UAE officials have indicated that G42, controlled by national security adviser Sheikh Tahnoon bin Zayed Al Nahyan, plans to become a US company primarily owned by US investors, people familiar with the discussions report. Tahnoon and other officials pushed for chip access for years and approached the White House directly after Operation Epic Fury began, looking to India as an example of a country that gained elevated trade benefits after becoming a major defense partner in 2016.
Critics argue that greater UAE chip access could harm the US in the AI race against China, while others question the security of advanced computing power built outside American soil.
“The UAE has been a great partner with Iran, but that doesn’t necessarily mean they’ve demonstrated the capability to keep a data center secure,” Michael Sobolik, Hudson Institute.
Members of Congress went further, with California Representative Sydney Kamlager-Dove flagging financial ties between Tahnoon and Trump. “It smells like it could be an illegal pay-to-play scheme,” she said Tuesday. The White House has denied any conflicts of interest.

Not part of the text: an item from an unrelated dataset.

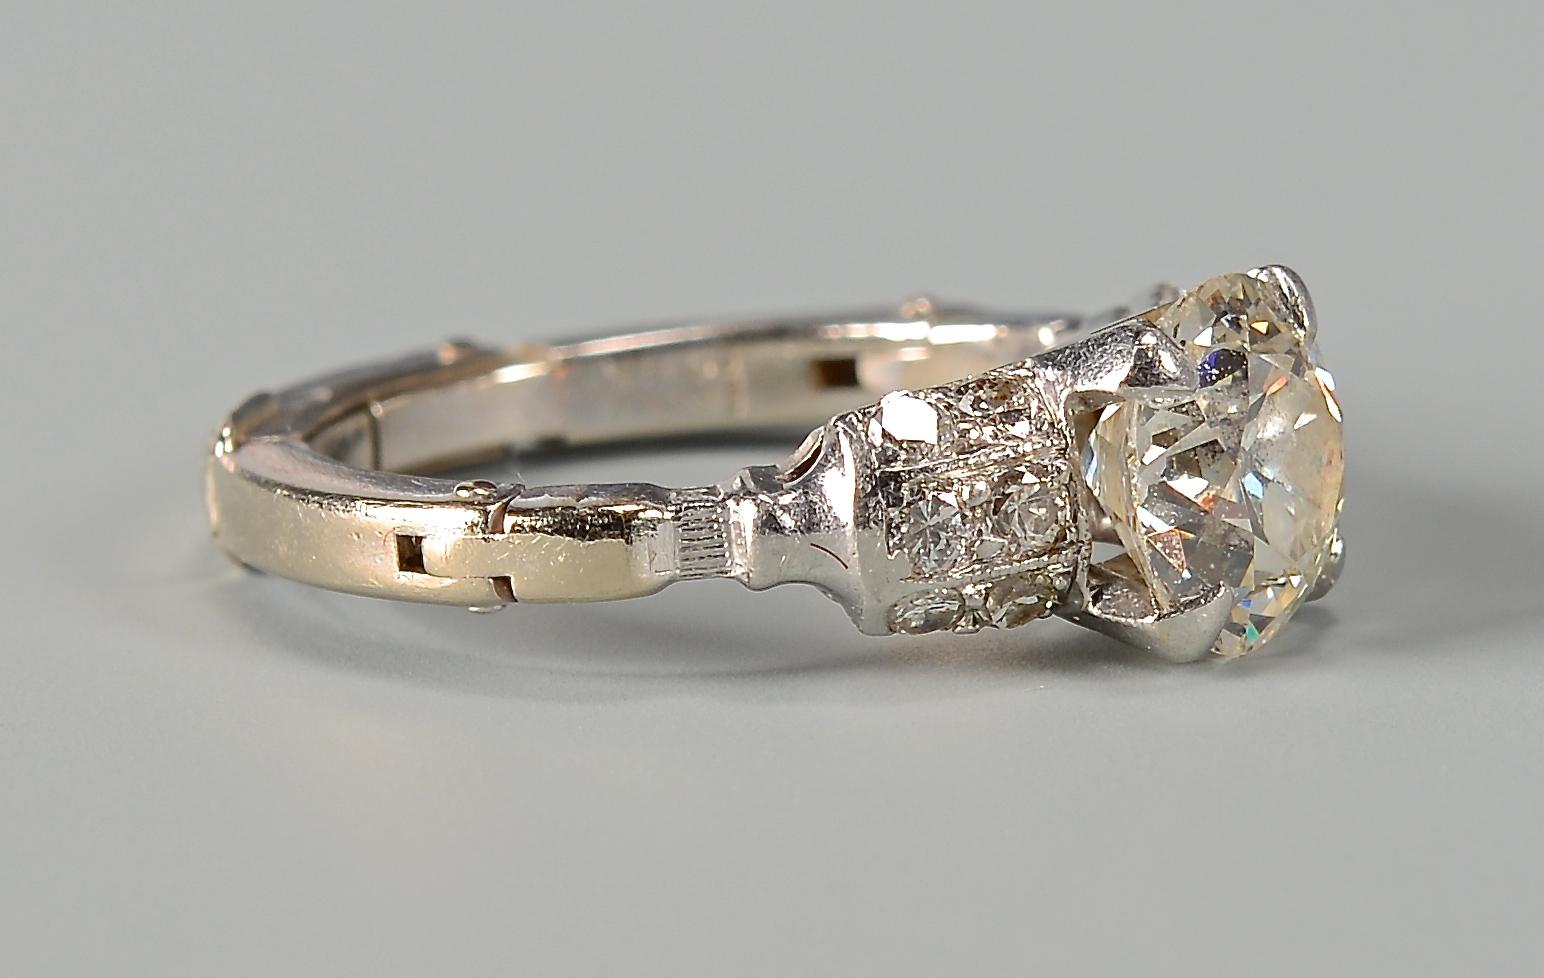 Lot 397 1 35 Carat Old Mine Cut Diamond Ring

Earlier administrations feared advanced chips could leak onward to Beijing if controls loosened, so the new policy pairs wider access with binding commitments instead of abandoning oversight. The UAE also reaffirmed matching investment obligations for American AI infrastructure, which ties its access to buildout back home.
The package reaches well past chips too, like it covers selected commercial satellites, spacecraft, military items, and dual-use equipment for energy, desalination, and civil nuclear power. Those are precisely the systems surrounding large AI projects, so the decision shapes entire data center ecosystems rather than accelerator purchases alone.